Sharif, therefore, expects Musharraf to cave in and call an all-party conference for discussing the modalities of constituting an interim caretaker government pending elections. Given the public opinion and an increasingly assertive judiciary, this outcome no longer seems implausible.

The irony is that there are several reasons why Sharif ought to have been Washington's man in Islamabad. Sharif can handle the menagerie of Islamists. His political pedigree dates back to the Zia-ul Haq era, and he knows best how to squeeze the jihadi culture out of Pakistan. Second, for the average Pakistani, Sharif is a 'desi neta'; he has gained in stature as a nationalist. That helps him leave behind the legacy of his misrule. Bhutto, on the other hand, is tarnished politically by her 'deal' with Musharraf as well as her proximity to the Americans.

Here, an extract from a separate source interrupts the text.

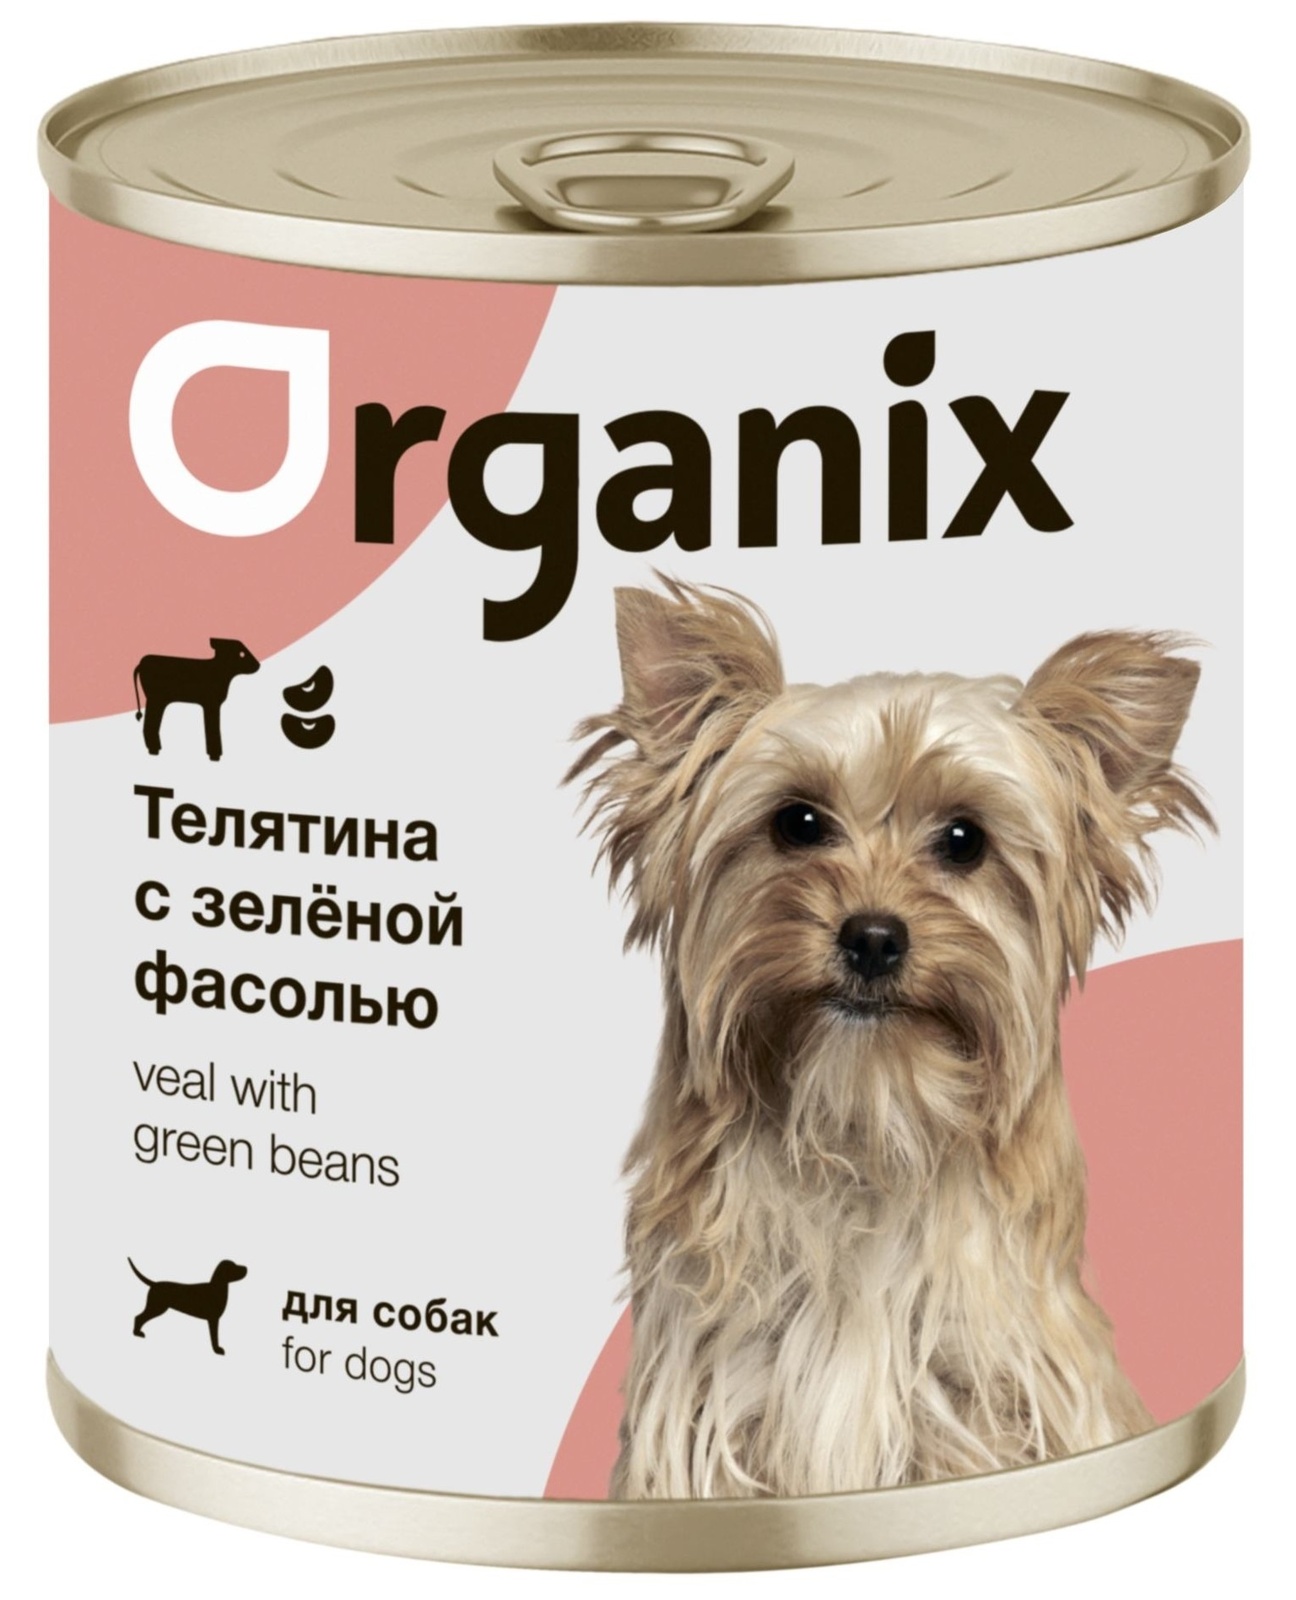 Organix консервы Organix консервы для собак Телятина с зеленой фасолью (400 г) organix консервы organix монобелковые премиум консервы для собак с кониной 400 г

She is yet to realise that her aura in Pakistan is turning out to be very different from her aura in America or Britain. Sharif is also genuinely pro-market and is friendly to large capital. He has taken care not to be branded as 'pro-American,' but he isn't reflexively opposed to American interests either. For him, modernization is something independent of 'Americanisation.' Indeed, despite his conservative rhetoric, Sharif has a proven record as a pragmatist.

Yet, if Washington has opted for Bhutto, the considerations were obvious. Sharif will refuse to be a participant in America's 'war on terror.' He understands America is the primary issue in Pakistan. He has sized up that the public expects him to be the marker of the beginning for Pakistan's 'post-American era,' no matter what his own gut instincts tell him. Least of all, Sharif's experience with Washington during his last term as prime minister was far from happy.

In other words, Sharif is good for globalisation, but can be a liability for the 'war on terror.' He may be good for Pakistan, but will be an unreliable ally for the present US administration with such weighty agenda toward Iran and Afghanistan. On balance, Washington decided to play safe. Bhutto, in comparison, will never create a faus pax for American interests. Besides, Sharif happens to be locked in a fierce blood feud with Musharraf. From Washington's perspective, Musharraf's continuance in power is non-negotiable. The bar of democracy shall be lowered to that end.

But no matter what Washington prescribed for Pakistan, the genie of democracy has leapt out of the bottle. Musharraf's re-election looks fanciful. There may be no other way of saving the regime except by imposing harsh emergency rule or even martial law.

M K Bhadrakumar, a former Indian ambassador, headed the Pakistan Division at the Ministry of External Affairs in the early 1990s.